Последняя история, однако, приключилась с писателем, обвиненным в хищении говяжьей кости. Гулый не отрицал вины. Более того, он клялся, что вернул бы кость на прежнее место, лишь только поглодав ее немного. Но Сильвестровну подобные оправдания не смягчали. «И ладно бы ложкой ее выловил, – гневилась Муза, – так ведь он, гад, ее пальцами, пальцами тащил, а по мне его мерзкие лапы хуже мухи в супе», – и выплеснула похлебку в унитаз. Писатель грустным взглядом проводил содержимое кастрюльки в последний путь и, беспомощно растопырив пальцы, смотрел на них, будто в первый раз познакомился.
Если Муза заправляла в основном на кухне, то СС подвизался вышибалой и делал свою работу весьма успешно.
Как-то раз застенчивый до заикания сосед-филолог пригласил в гости коллегу-иностранца, чтобы побеседовать с ним в неформальной обстановке.
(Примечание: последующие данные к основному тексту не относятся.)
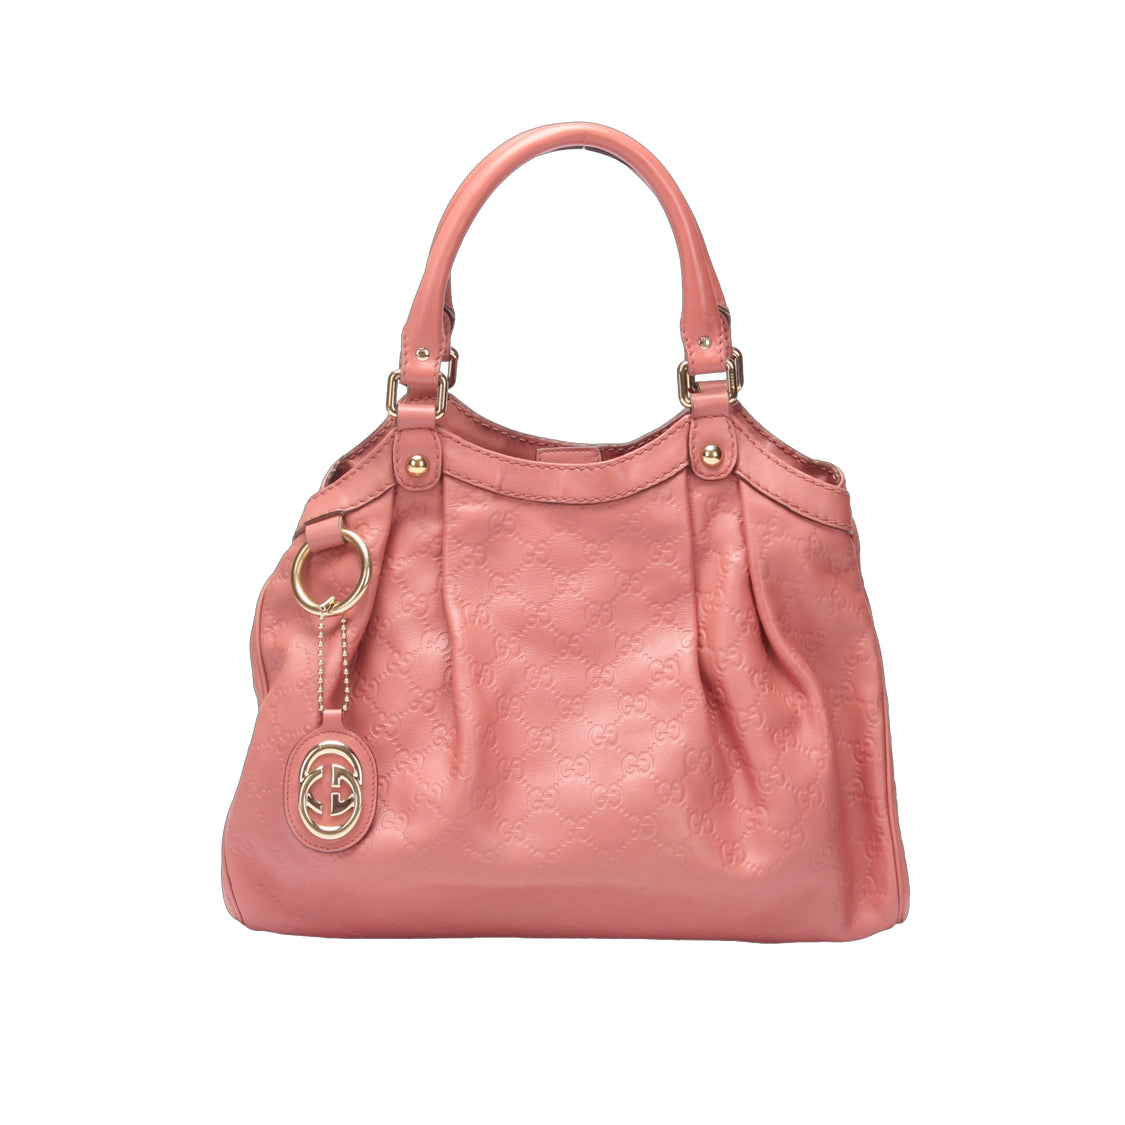 Gucci Guccissima Leather Sukey Handbag Leather Handbag 211944 in Good condition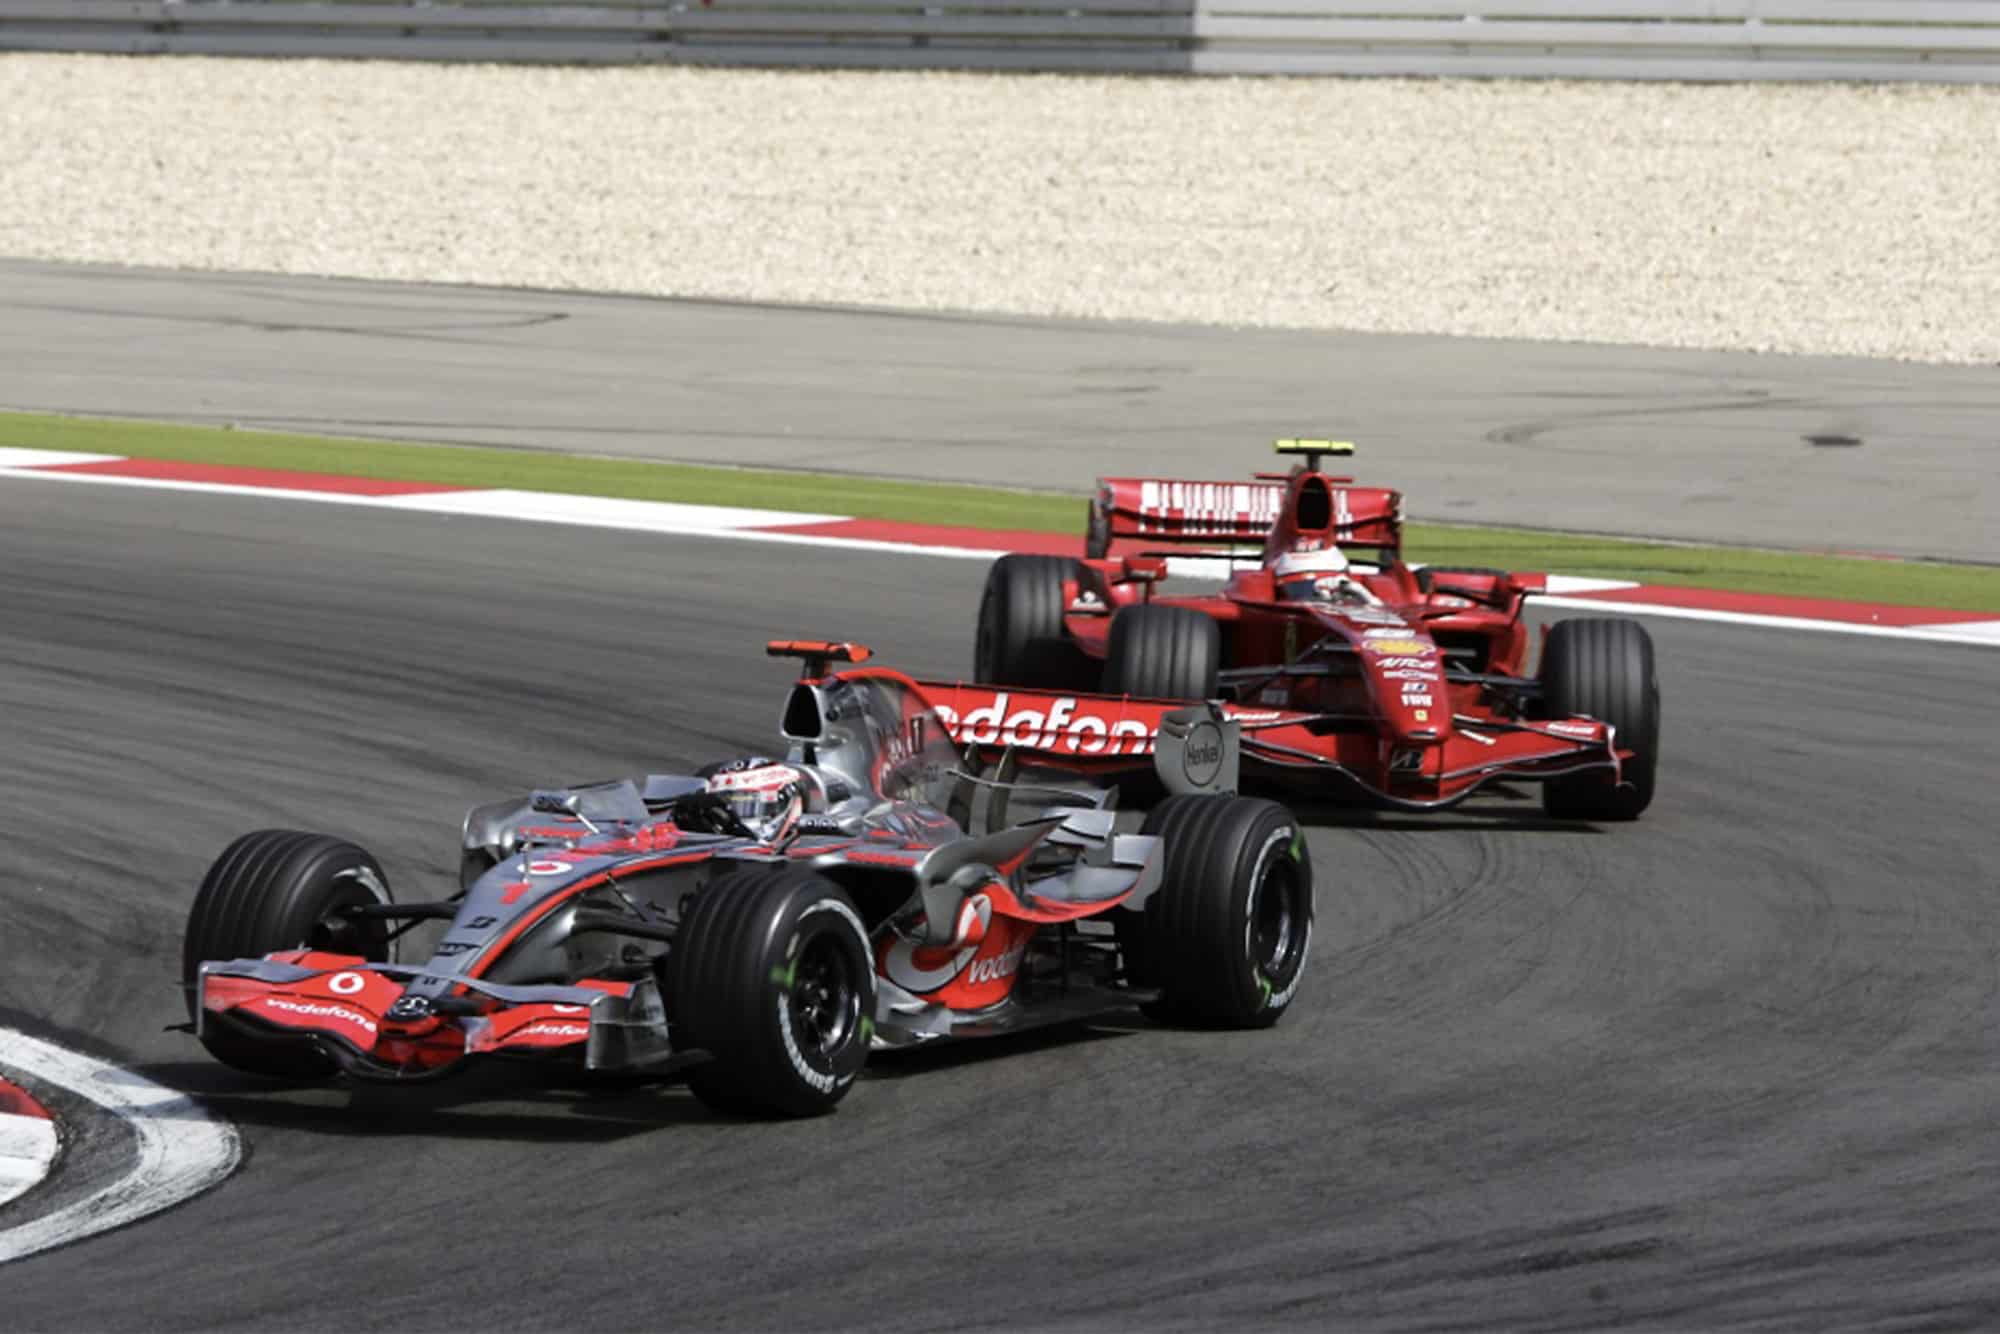 Fernando Alonso in the McLaren and Kimi Raikkonen in the Ferrari during the 2007 German Grand Prix

И был тут же нокаутирован в коридоре воплем Сергея Семеновича: «Голубые среди нас!» Ошалевшего гостя, попятившегося к выходу, Вертепный, чуя близкую победу, подгонял устрашающими выкриками: «У-у-у, злыдень писюнявый!!!» Иностранец, по счастью, понял не все из сказанного, но чугунную сковороду в руке пенсионера заметить успел и больше на научные диспуты в теплой домашней обстановке не отваживался.
Конечно, участковый Плетенкин редко разбирал подобные дрязги. Если дело не доходило до поножовщины, он и не заглядывал в 14-ю. Разрешать каждое дело о выдворении гостей и об украденной банке килек – жизни не хватит. Жильцы Плетенкина любили не за пособничество, а за невмешательство. Когда было нужно, они и сами хорошо упаковывали пьяного Вертепного с помощью бечевки и выставляли за дверь до приезда дежурного наряда милиции. А случалось это довольно регулярно.
По праздникам СС надирался до поросячьего визга и метал в коридоре кирзовые сапоги во все, что движется, но так как он числился ветераном труда и «дитем блокады», никто не смел и мечтать о выселении его из квартиры.
Внешность Вертепного описанию поддается труднее, чем деятельность. Невозможно подобрать слова, передающие заурядность этого лица, столь типичного, что, кажется, тысячи раз видел его, но никогда не отмечал, как некий фон, серый и безликий.
Нила Вертепный побаивался и сторонился, а к новым жильцам, только заселившимся в пятнадцатиметровую комнату, присматривался, не зная еще, с какого боку на них наехать. На первый взгляд они казались образцовой семьей – муж, жена и ребенок, но СС хорошо помнил русскую пословицу «В семье не без урода» и выжидал удобного случая для расправы.